If you now browse the ADLA with the Data Explorer, you should have copied the assemblies to both the master and the Avro databases:

copy_assemblies

Create the Stored Procedure

Open the provided Visual Studio solution at the location ..\CloudworxUSQLApplication and Submit the U-SQL script: sp.usql. Once you run this script, you should see a stored procedure created in the ADLA Database Avro, in the “Procedures” folder.

Script: sp.usql

DROP PROCEDURE IF EXISTS Avro.dbo.sp_CreateLogs;

CREATE PROCEDURE Avro.dbo.sp_CreateLogs(@DateSliceStart DateTime, @DateSliceEnd DateTime)
AS
BEGIN

    REFERENCE ASSEMBLY [Newtonsoft.Json];
    REFERENCE ASSEMBLY [log4net];
    REFERENCE ASSEMBLY [Avro];
    REFERENCE ASSEMBLY [Microsoft.Analytics.Samples.Formats];


    //These external parameters will be populated by ADF based 
    //on the time slice being  	executed.
    
    DECLARE EXTERNAL @DateSliceStart DateTime = System.DateTime.Parse("2018/01/01");
    DECLARE EXTERNAL @DateSliceEnd DateTime = System.DateTime.Parse("2018/03/01");

    //These are intermediary variables which inherit the time element
    //from the ADF time 	slice.
    
    DECLARE @YearNbr int = @DateSliceStart.Year;
    DECLARE @MonthNbr int = @DateSliceStart.Month;
    DECLARE @DayNbr int = @DateSliceStart.Day;

    //These are used to align the Year/Month/Day partitioning of the input & output.
    //This technique also allows U-SQL to dynamically generate different output file 	 //path & name.
    
    DECLARE @YearString string = @YearNbr.ToString();
    DECLARE @MonthString string = @MonthNbr.ToString().PadLeft(2, '0');
    DECLARE @DayString string = @DayNbr.ToString().PadLeft(2, '0');

    DECLARE @input_file = 			     "archivefolder/cloudworxpoceventhubns_cloudworxpoceventhub_0/" + @YearString + "/" + @MonthString + "/{*}.avro";

    DECLARE @output_file string = "/output/" + @YearString + "/" + @MonthString + "/" + @YearString + @MonthString + ".csv";

   

    @rs =
        EXTRACT Body byte[]
        FROM @input_file

        USING new Microsoft.Analytics.Samples.Formats.ApacheAvro.AvroExtractor(@"
        {
            ""type"":""record"",
            ""name"":""EventData"",
            ""namespace"":""Microsoft.ServiceBus.Messaging"",
            ""fields"":[
                {""name"":""SequenceNumber"",""type"":""long""},
                {""name"":""Offset"",""type"":""string""},
                {""name"":""EnqueuedTimeUtc"",""type"":""string""},
                {""name"":""SystemProperties"",""type"":{""type"":""map"",""values"":				 [""long"",""double"",""string"",""bytes""]}},
                {""name"":""Properties"",""type"":{""type"":""map"",""values"":						[""long"",""double"",""string"",""bytes""]}},
                {""name"":""Body"",""type"":[""null"",""bytes""]}
            ]
        }
    ");


    @jsonLogs =
        SELECT Microsoft.Analytics.Samples.Formats.Json.JsonFunctions.JsonTuple(Encoding.UTF8.GetString(Body), "..*") AS json
        FROM @rs;

    @logs =
        SELECT json["timestamp"]AS Timestamp,
               json["device"]AS Device,
               json["category"]AS Category,
               json["priority"]AS Priority,
               json["message"]AS Message
        FROM @jsonLogs;



    OUTPUT @logs
    TO @output_file
    USING Outputters.Text();

END;

Based on the @DateSliceStart and the @@DateSliceEnd parameters, the stored procedure builds the @input_file variable to grab raw data files from the data lake. This stored procedure currently looks at a data ingested from a single Event Hub partition (..\cloudworxpoceventhubns_cloudworxpoceventhub_0). The stored procedure could repeat the process for multiple partitions.
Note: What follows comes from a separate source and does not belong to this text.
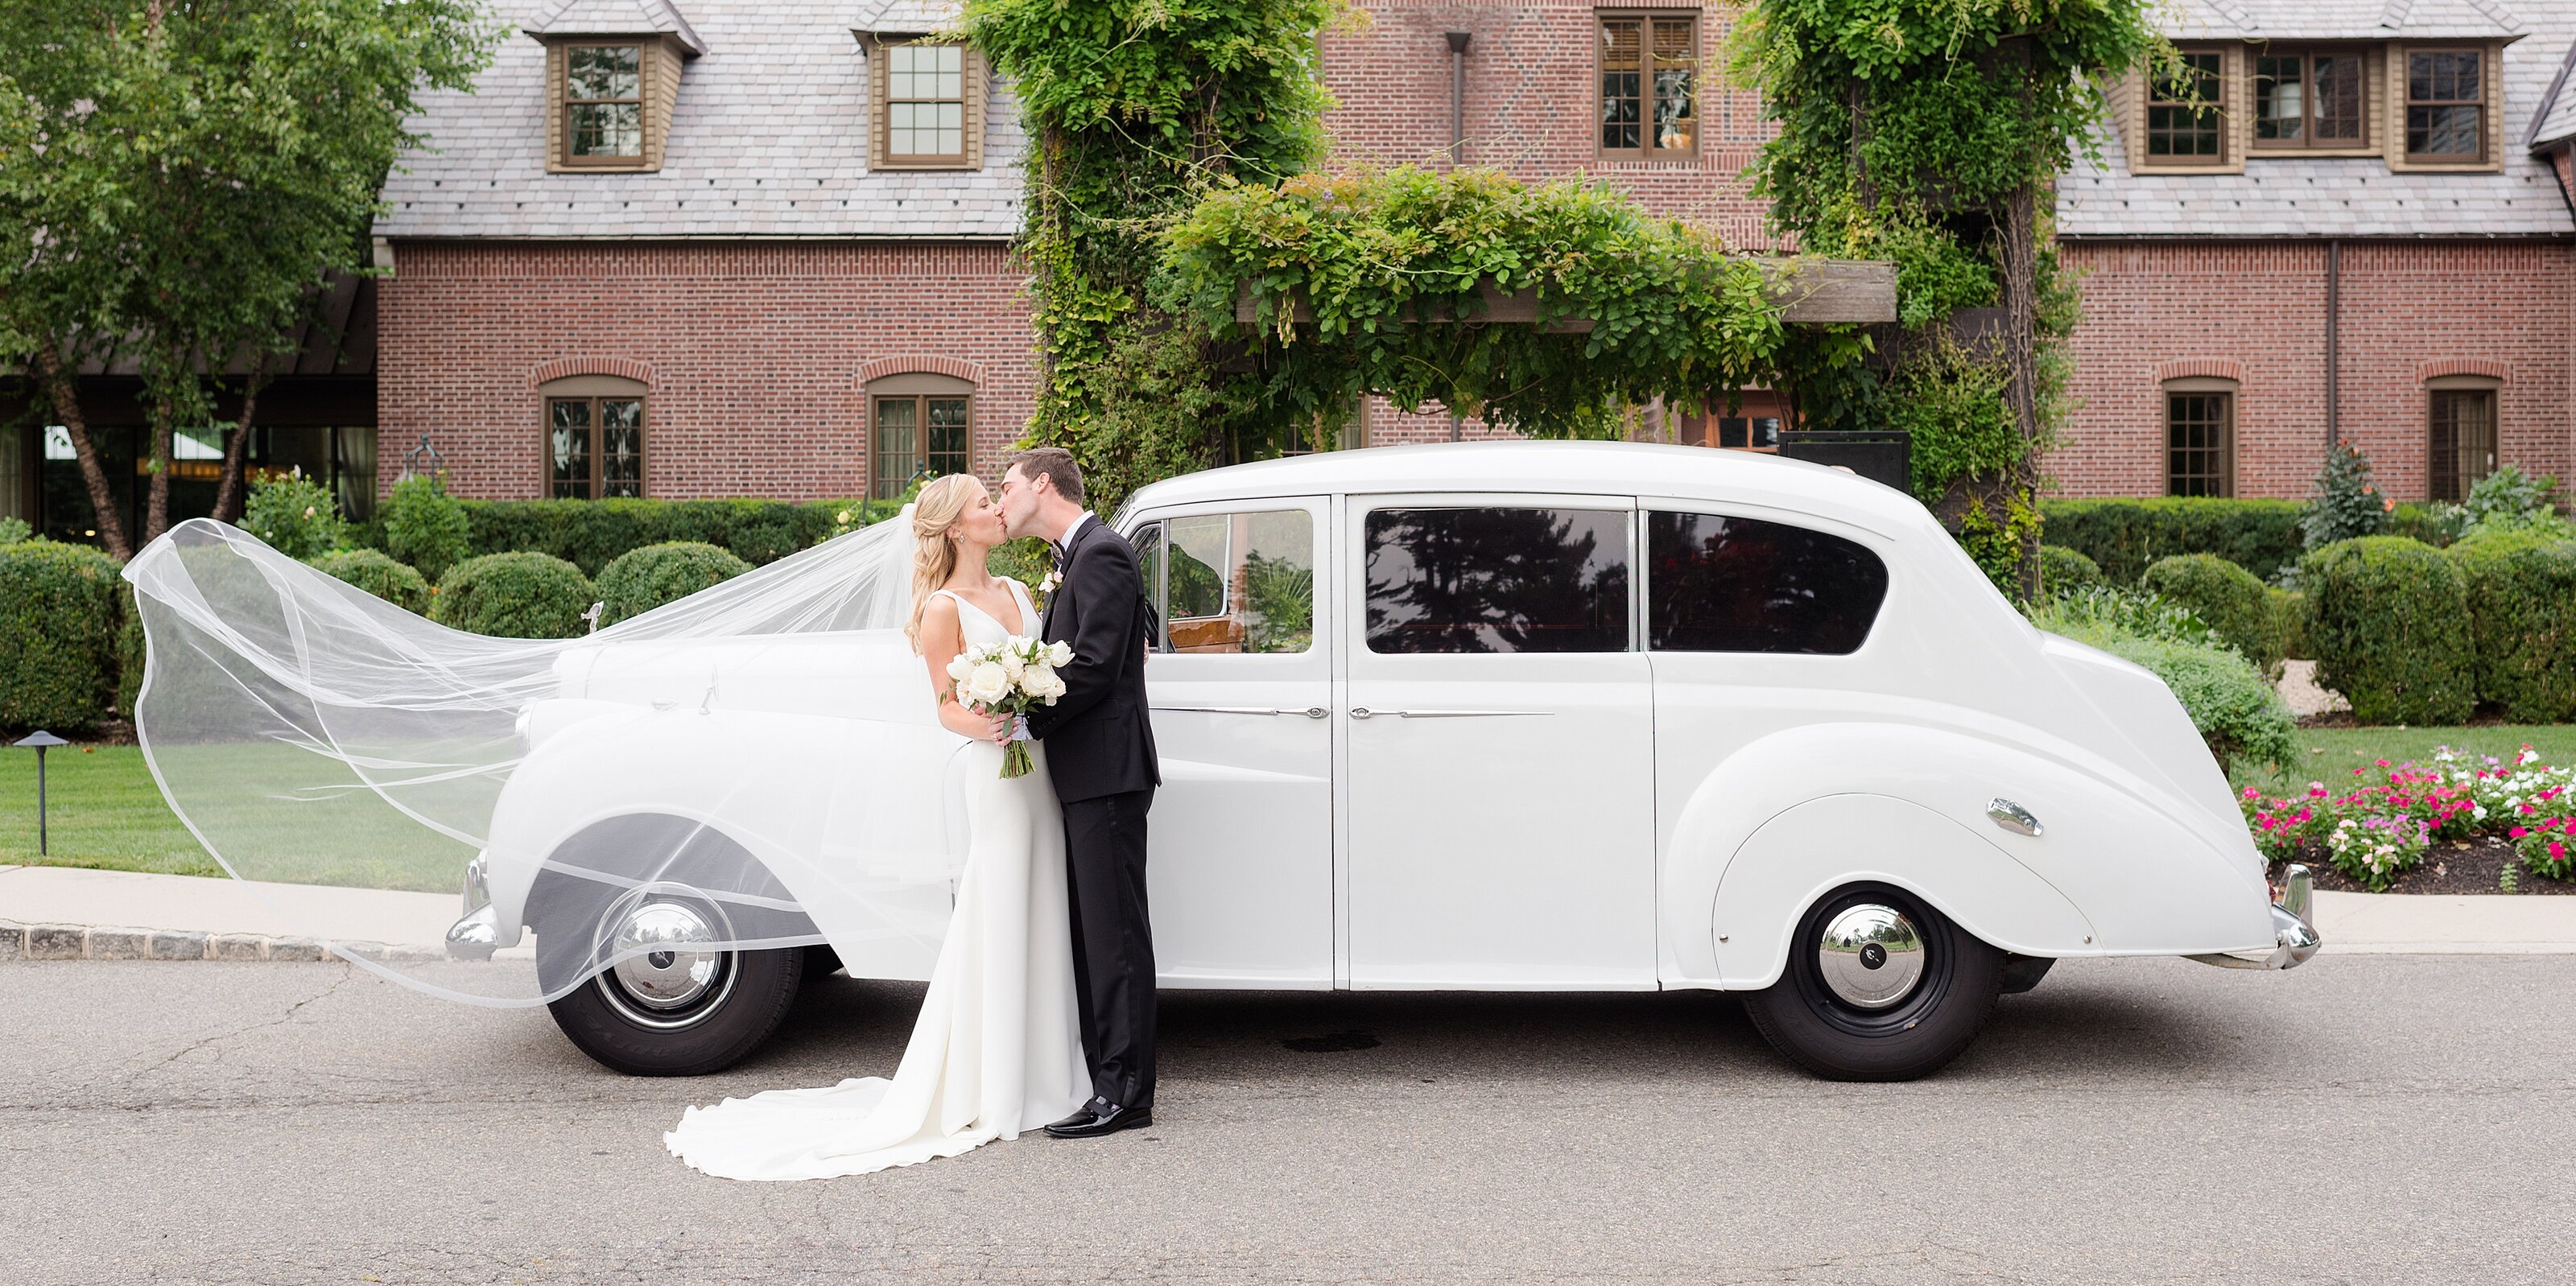 4_bride-and-groom-kiss-in-front-of-white-vintage-rolls-royce

Upload the sample data to the Data Lake

If you had followed my previous post on Event Logs Ingestion, you would have a archivefolder in the Data Lake that contained the raw data. If you have not followed that post, I have provided sample data in the source code folder, in the “Data” folder. Use the Microsoft Azure Storage Explorer to upload the “archivefolder” to the Data Lake.

archivefolder

Test the Stored Procedure

In the ADLA, click on the “New Job” button, paste the following script, and click “Submit”

Avro.dbo.sp_CreateLogs(System.DateTime.Parse("2018/01/01"),
                       System.DateTime.Parse("2018/01/31"));

This should create an output\01 folder in the Data Lake and create a .CSV file in this folder with the transformed output.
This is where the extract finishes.